24 October 2024, The Tablet

Vatican rebukes Swiss bishops for abuse case failures


“These reprimands are more than a warning finger that can be safely ignored.”


Vatican rebukes Swiss bishops for abuse case failures

Cardinal Robert Francise Prevost, the prefect of the Dicastery for Bishops.
Daniel Ibáñez / CNA

The Dicastery for Bishops reprimanded several Swiss bishops for “not correctly” addressing accusations of clerical sexual abuse, but it did not find any evidence that would require a canonical trial.

A statement by the Swiss bishops’ conference did not specify how many or which bishops received individual rebukes from the dicastery but said “three more letters will follow”. The Swiss Catholic news portal kath.ch named six.

The reprimand followed a confidential report made last year by a priest in Bern accusing six bishops – four of them still in office – of covering up abuse allegations. The priest has since received anonymous death threats.

Five months later, an initial report commissioned by the Swiss bishops identified 1,002 cases of abuse and 510 perpetrators since the 1950s and said these figures were only the “tip of the iceberg”.
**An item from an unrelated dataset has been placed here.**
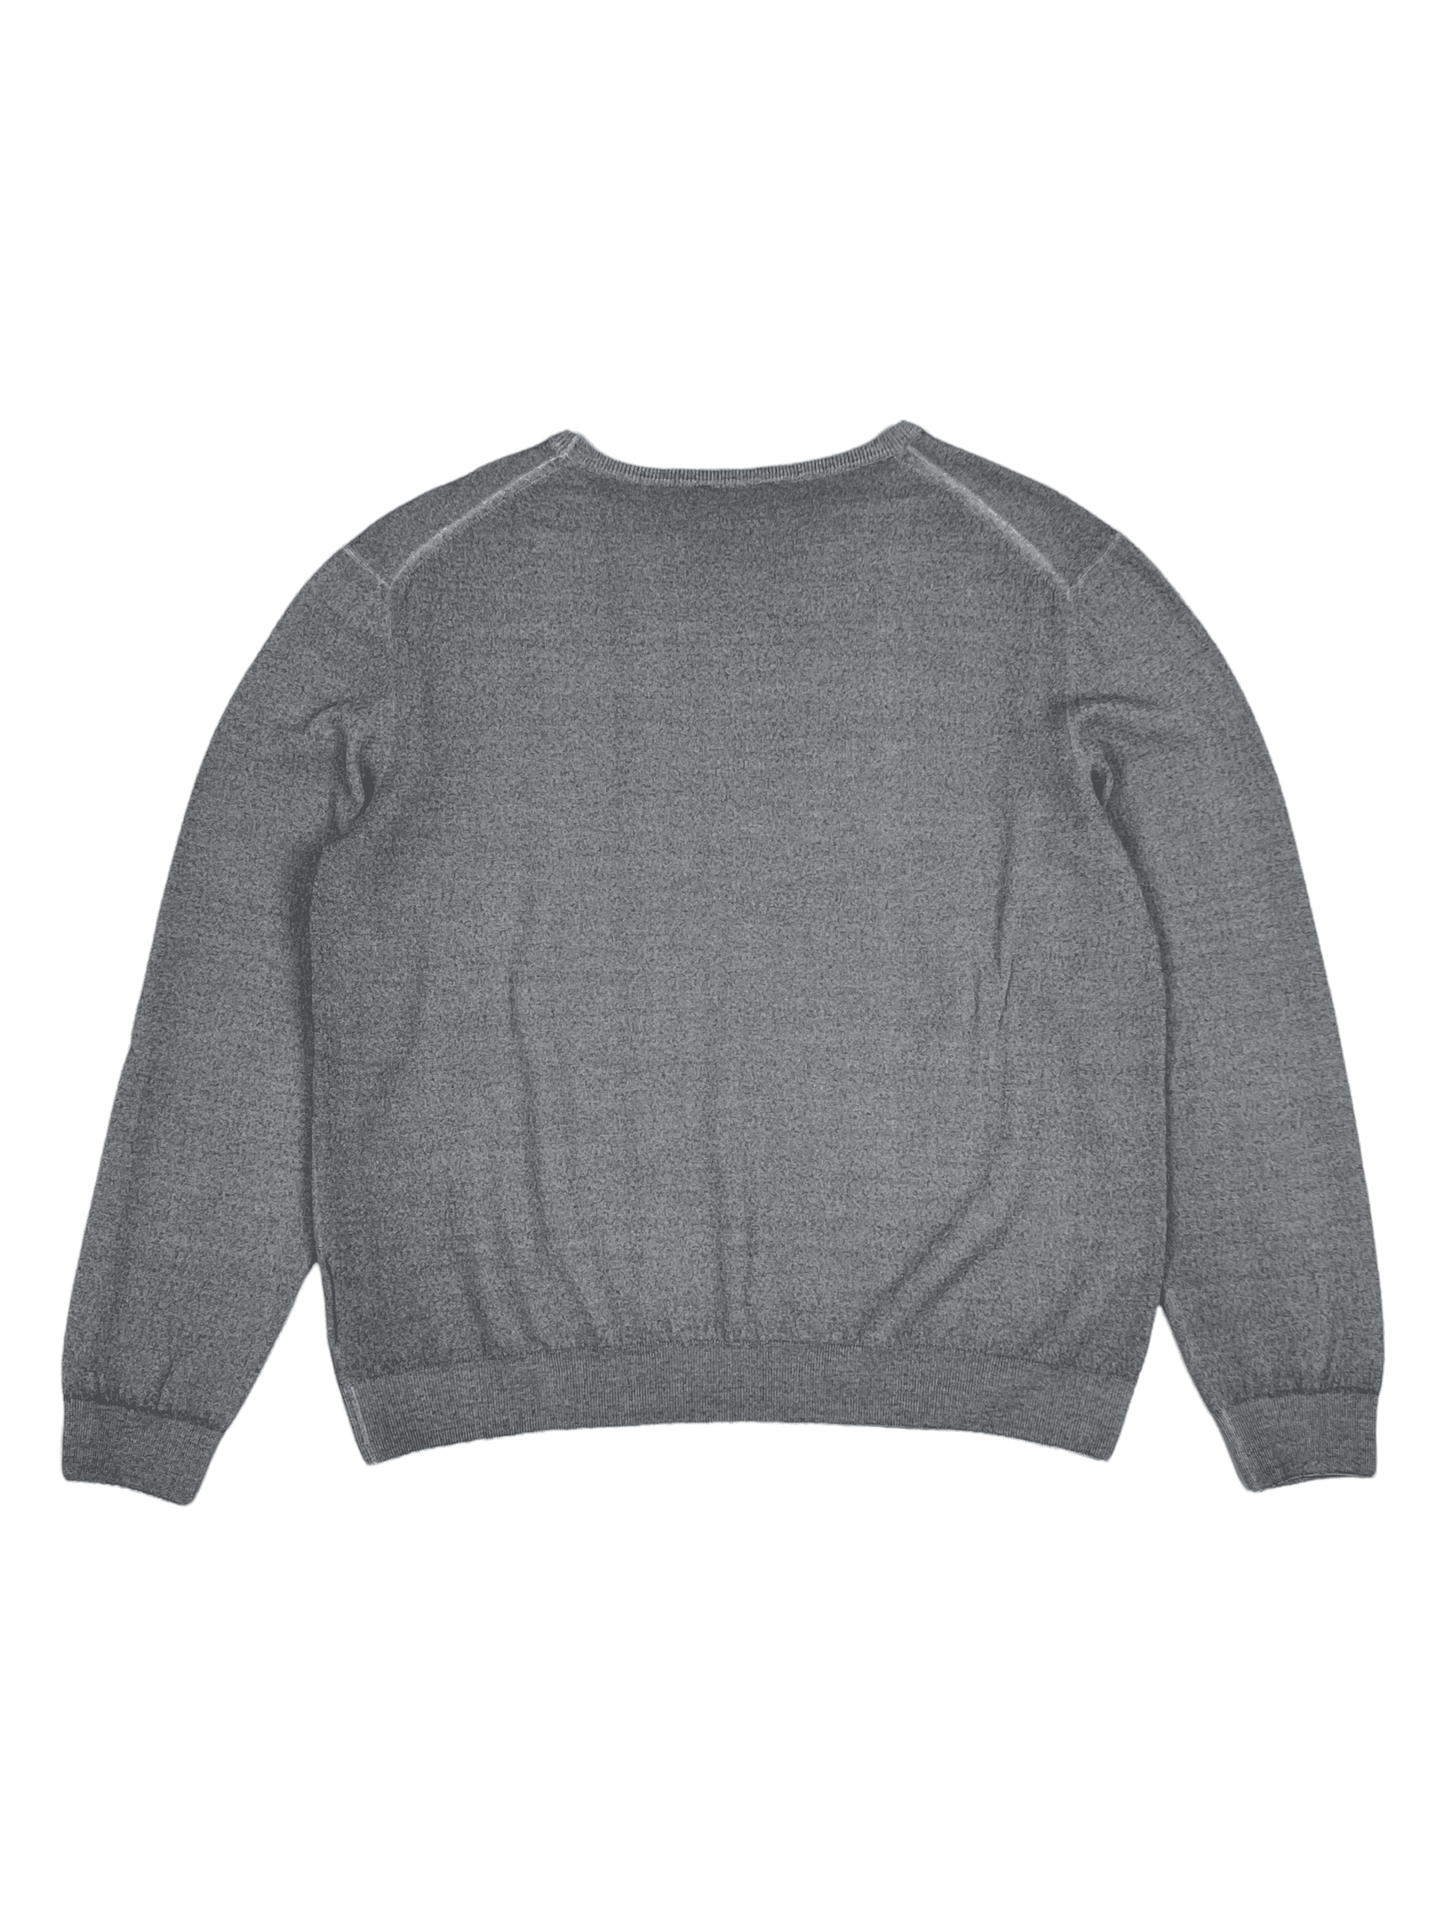 Paul Zileri Grey Wool Crewneck Sweater Small - Genuine Design Luxury Consignment for Men. New & Pre-Owned Clothing, Shoes, & Accessories. Calgary, Canada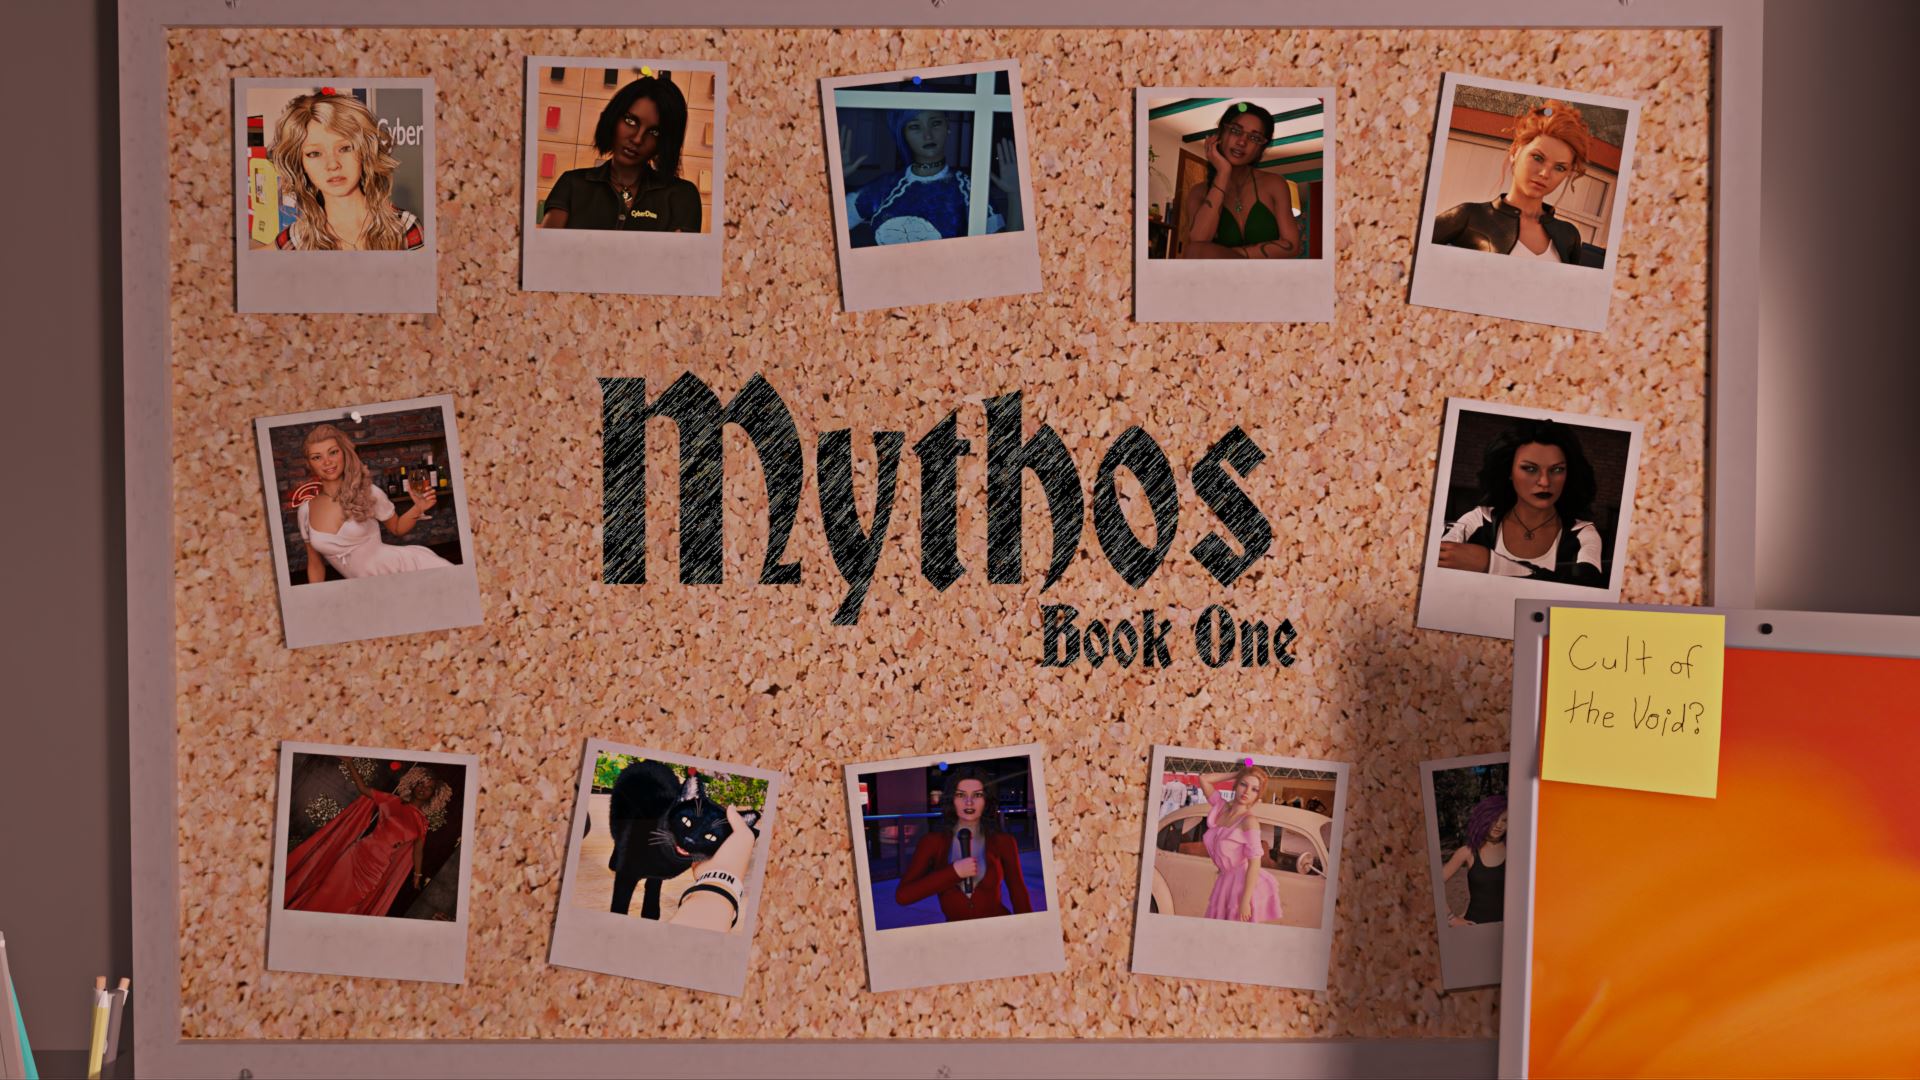 Mythos: Book One porn xxx game download cover

“These reprimands are more than a warning finger that can be safely ignored,” wrote Christian Maurer, editor-in-chief of kath.ch, but he said those who had received them were “slippery nit-pickers [who] act as if everything went well”.

The outlet named Bishop Jean-Marie Lovey of Sion, Bishop Charles Morerod of Lausanne, Geneva and Fribourg, Abbot Jean Scarcella of Saint Maurice, Bishop Alain de Raemy, the apostolic administrator of the Diocese of Ticino, the former Bishop of Reykjavik Pierre Bürcher and the former nuncio Archbishop Jean-Claude Périsset.

Lovey, Morerod and Scarcella gave only vague answers to local requests for comment on the conference statement, or decline to speak. 

The statement summarised but did not directly quote a letter from Cardinal Robert Francis Prevost, the prefect of the Dicastery for Bishops. 

It said he had told them they had improved their management of abuse cases but could still respond better. It emphasised that clerical abuse must be reported according to approved procedures.

The Swiss bishops “deeply regrets the errors, shortcomings and omissions in the application of the canonical norms”, the statement added.  

“They are in a learning process and would like to express their will once again to take more decisive action against abuse in the Church.”  

A German Swiss victims defence group, known by its acronym IG MikU, said it was “unbelievable” that the bishops “only got a reprimand from Rome”.

“In companies, the manager would not only be reprimanded. He would have to resign!”